1 The Receiver Operating Characteristics (ROC) curve

loading needed packages for this document

source

  my.auc=function(pred,target){
    #### too slow. use auc_roc
    # pred is predictor
    # target is the true vector (0,1)
    # the return value is auc the area under the roc curve
    target   =target[order(pred)]
    n   =length(target)
    totP=sum(target)
    totN=n-totP
    FN  =cumsum(target)
    TN  =(1:n)-FN
    FP  =totN-TN 
    TP  =n-totN-FN
    x   =c(1,FP/(TN+FP))
    y   =c(1,TP/(FN+TP))
    auc =-0.5*sum(diff(x)*(y[-1]+y[-n]))
    obj=list(auc=auc,x=x,y=y)
    class(obj)      ="auc"
    
    return(obj)
}
plot.auc=function(obj){
  with(auc,plot(x,y,type="l",col=2,lwd=3,
                xaxs="i",yaxs="i",
                xlab="False Positive Rate",
                ylab="True Positive Rate",
                main=paste("ROC Curve. AUC=",round(obj$auc,3))))
xp=c(auc$x,0,1,1)
yp=c(auc$y,0,0,1)
    polygon(xp, yp , density = NA, angle = 45,
          border = 2, col = "yellow")
    abline(a=0,b=1)
  
}

1.1 The problem of a binary classification.

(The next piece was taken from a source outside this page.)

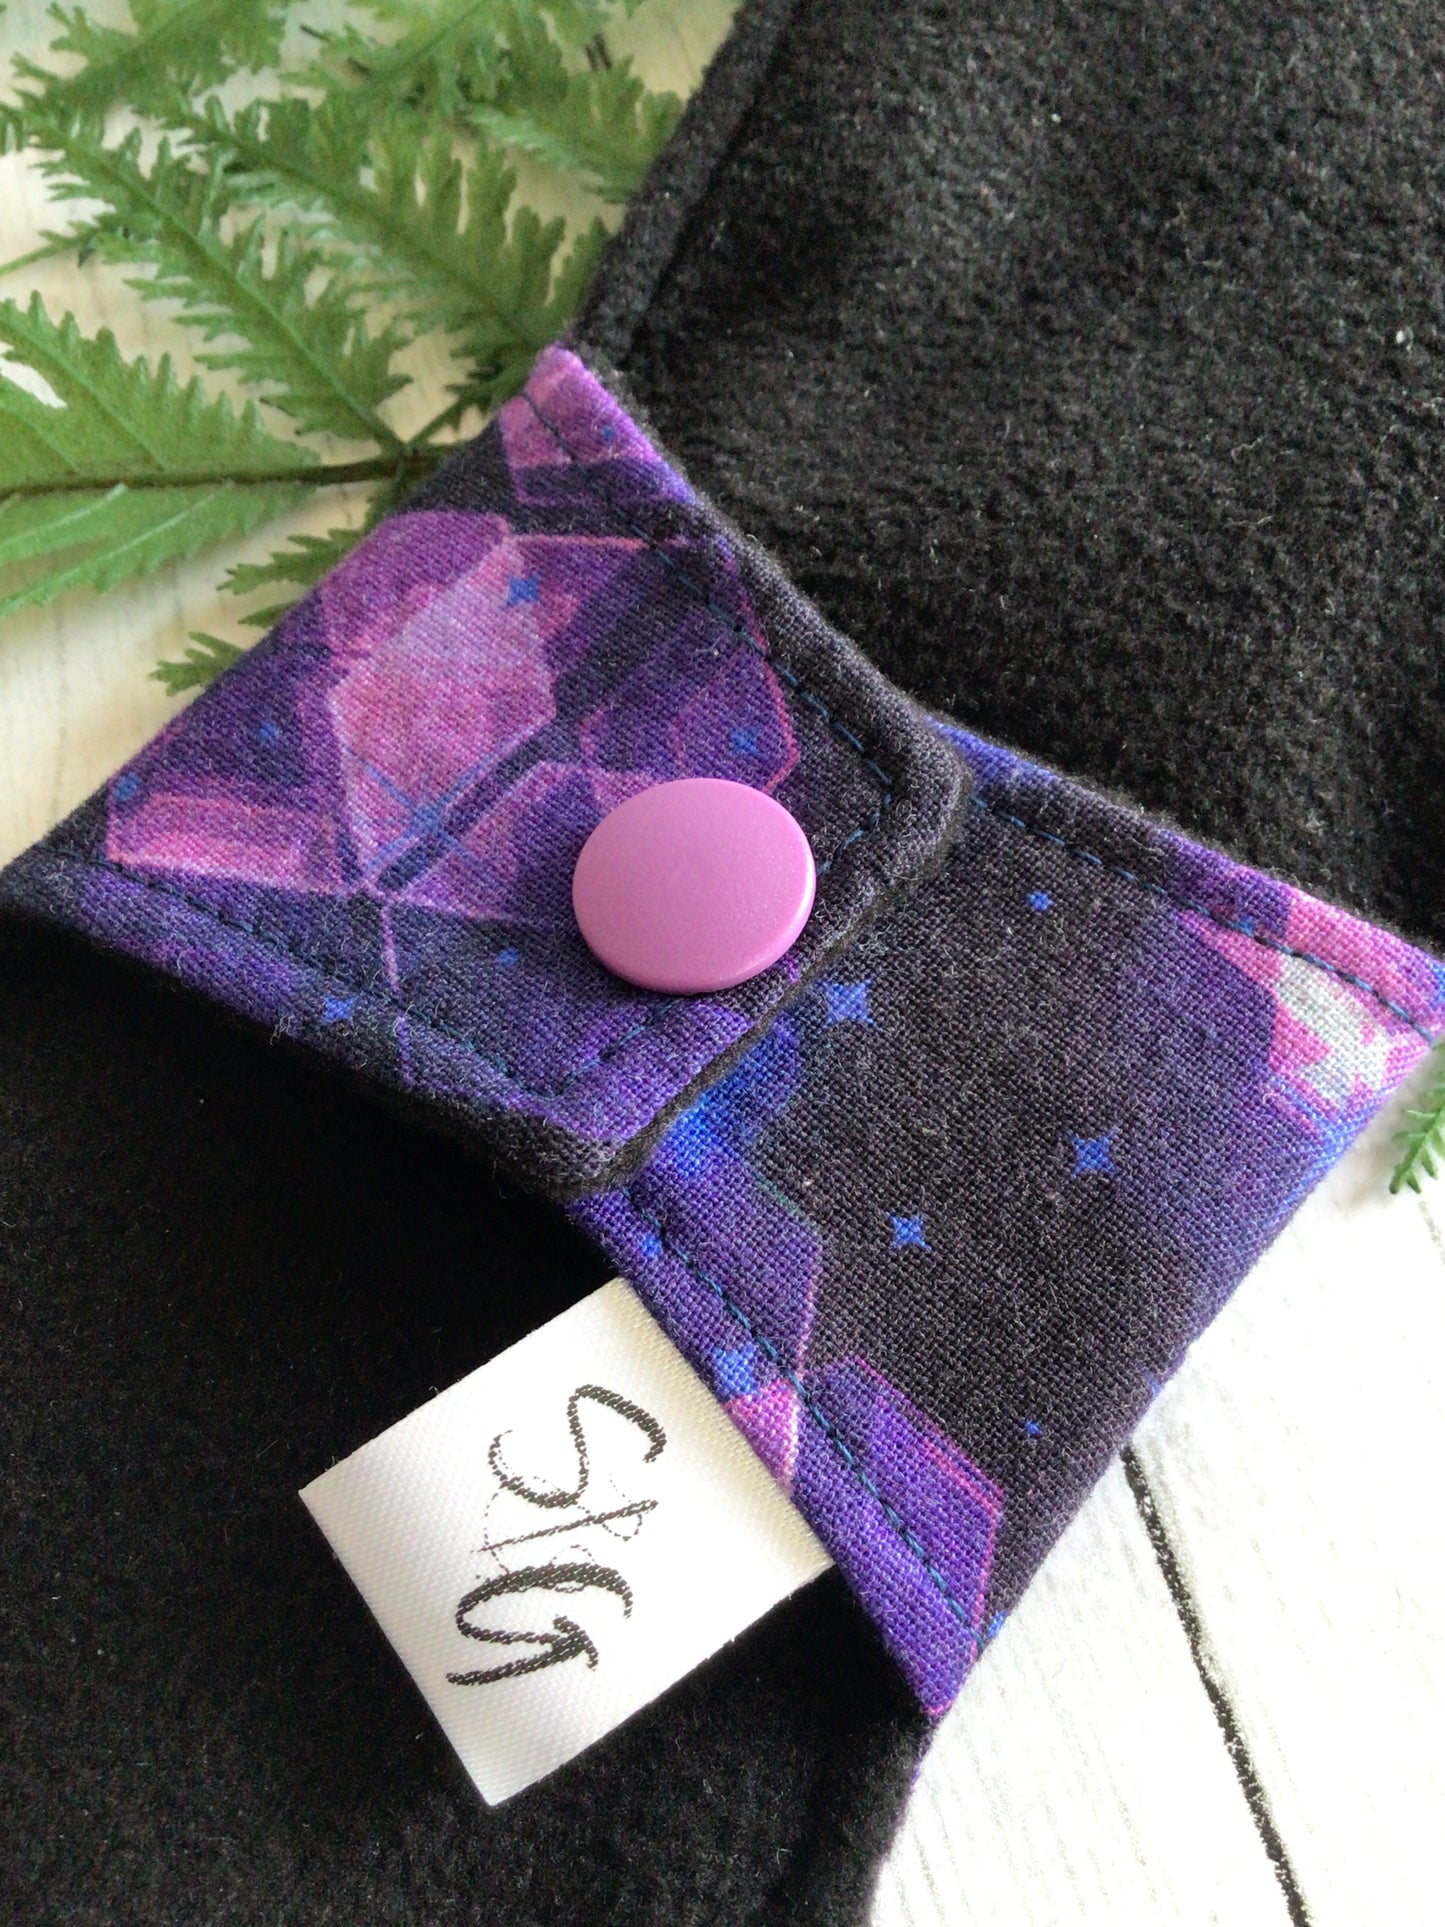 Visions of the Night cotton print cloth pads (dark purple)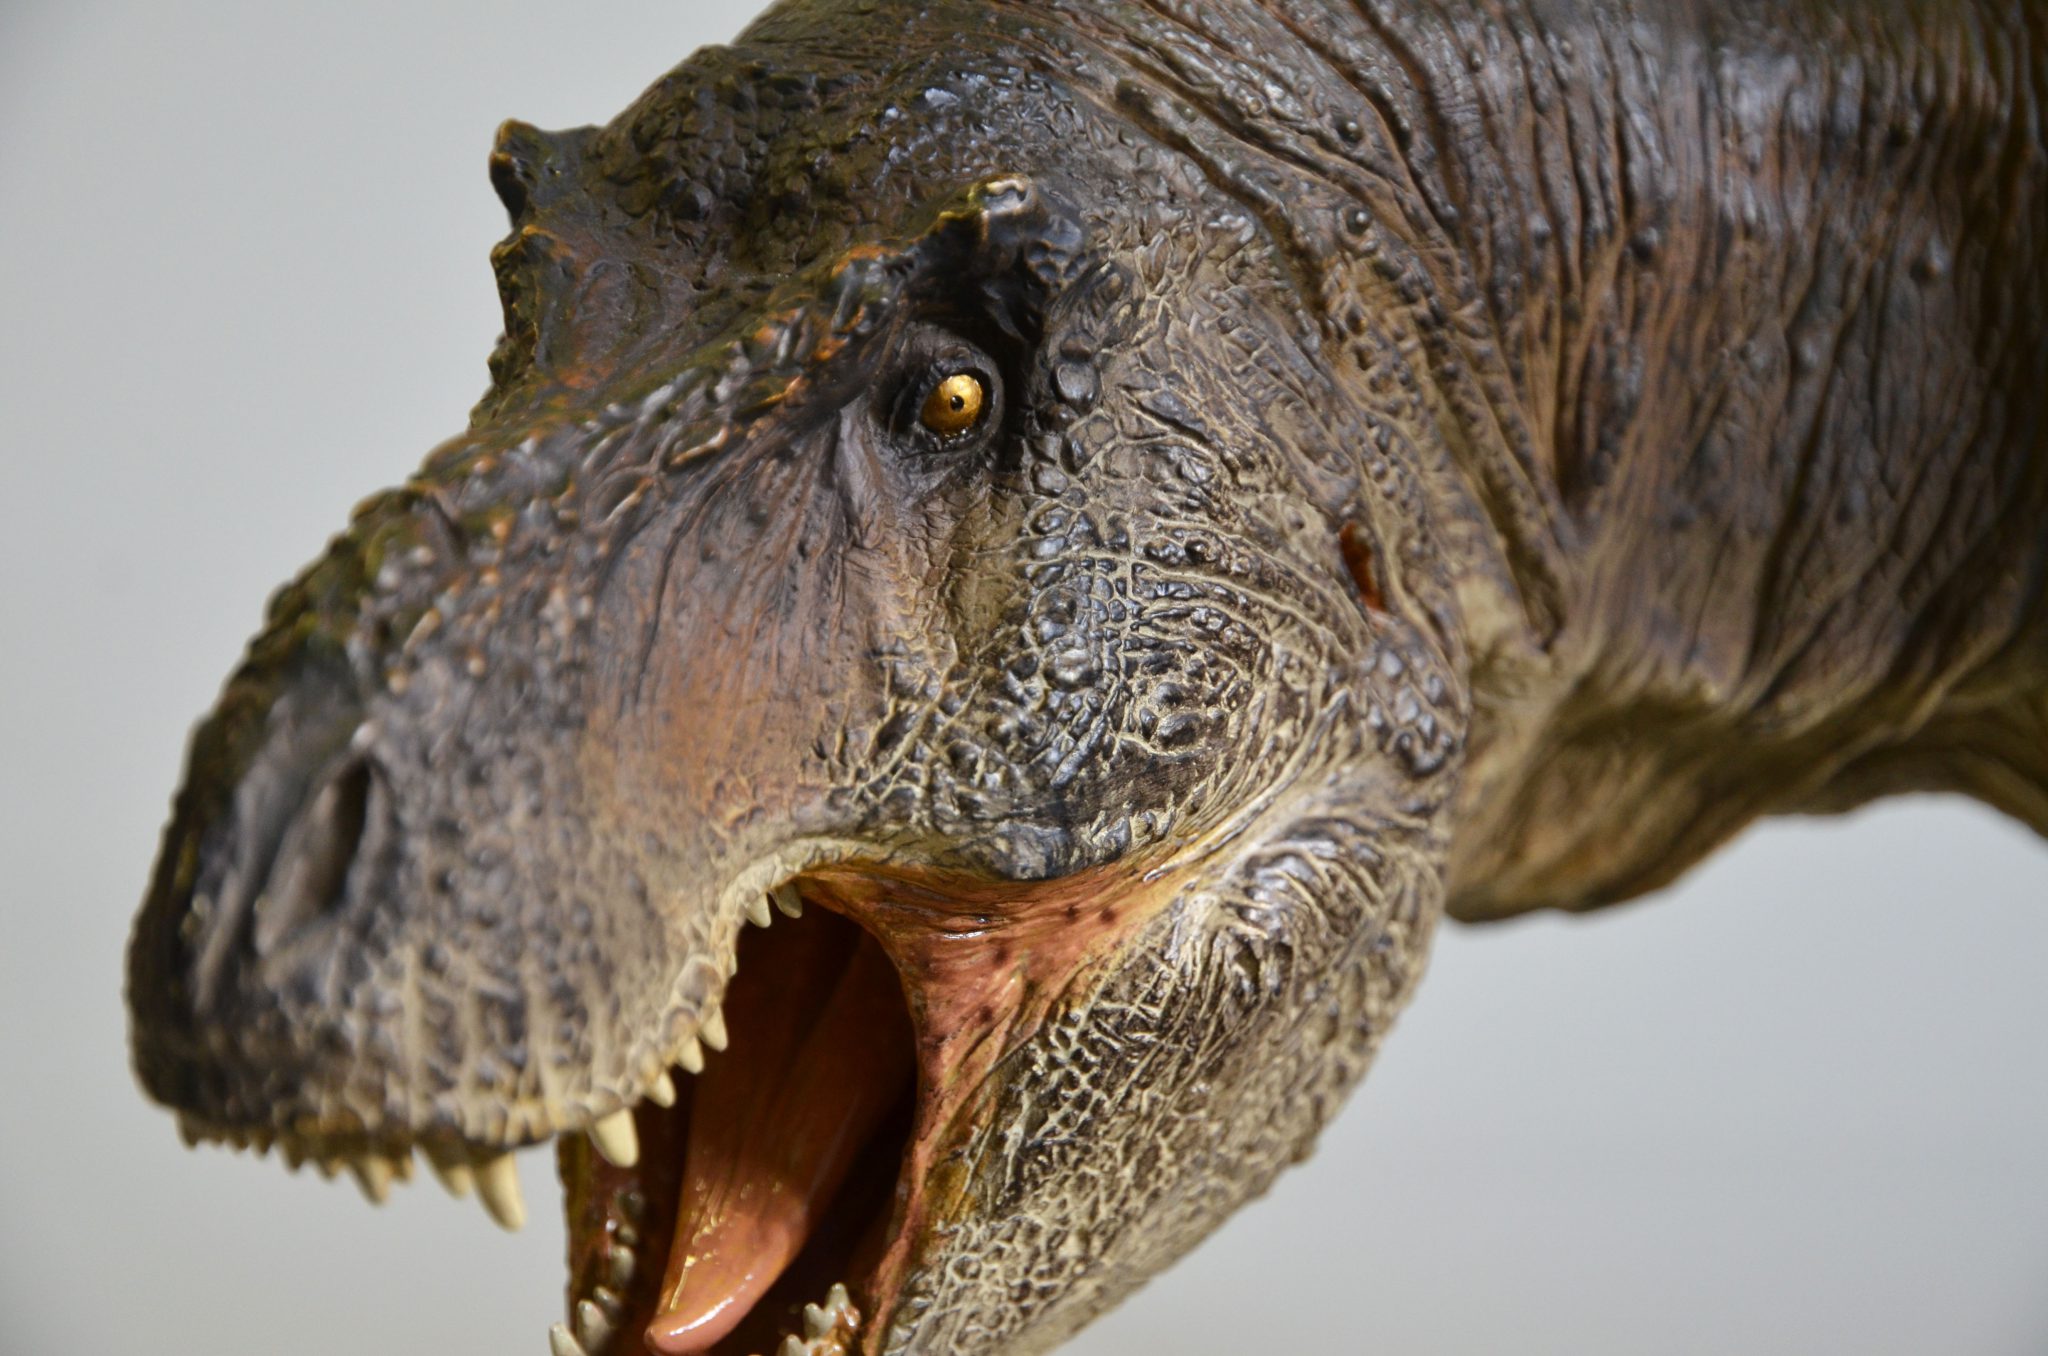 Photo of a T Rex replica artefact

Suppose we obtained a continuos scoring from a composition of different explanatory variables, which should help us in deciding if a unit must be classified as 0 or 1.

For example we could have obtained it with a linear predictor from a logistic regression. From an estimated linear predictor \(\hat{\eta}_i\) (whatever the variables used to obtain it), we can compute an estimate of the probability of the \(i-\)th unit of being “1” (or TRUE), according to the inverse logit transform of the estimated predictor:

\[ \hat{p}_i=\hat{Prob}(Y_i=1)=\frac{\exp(\hat{\eta}_i)}{1+\exp(\hat{\eta}_i)} \]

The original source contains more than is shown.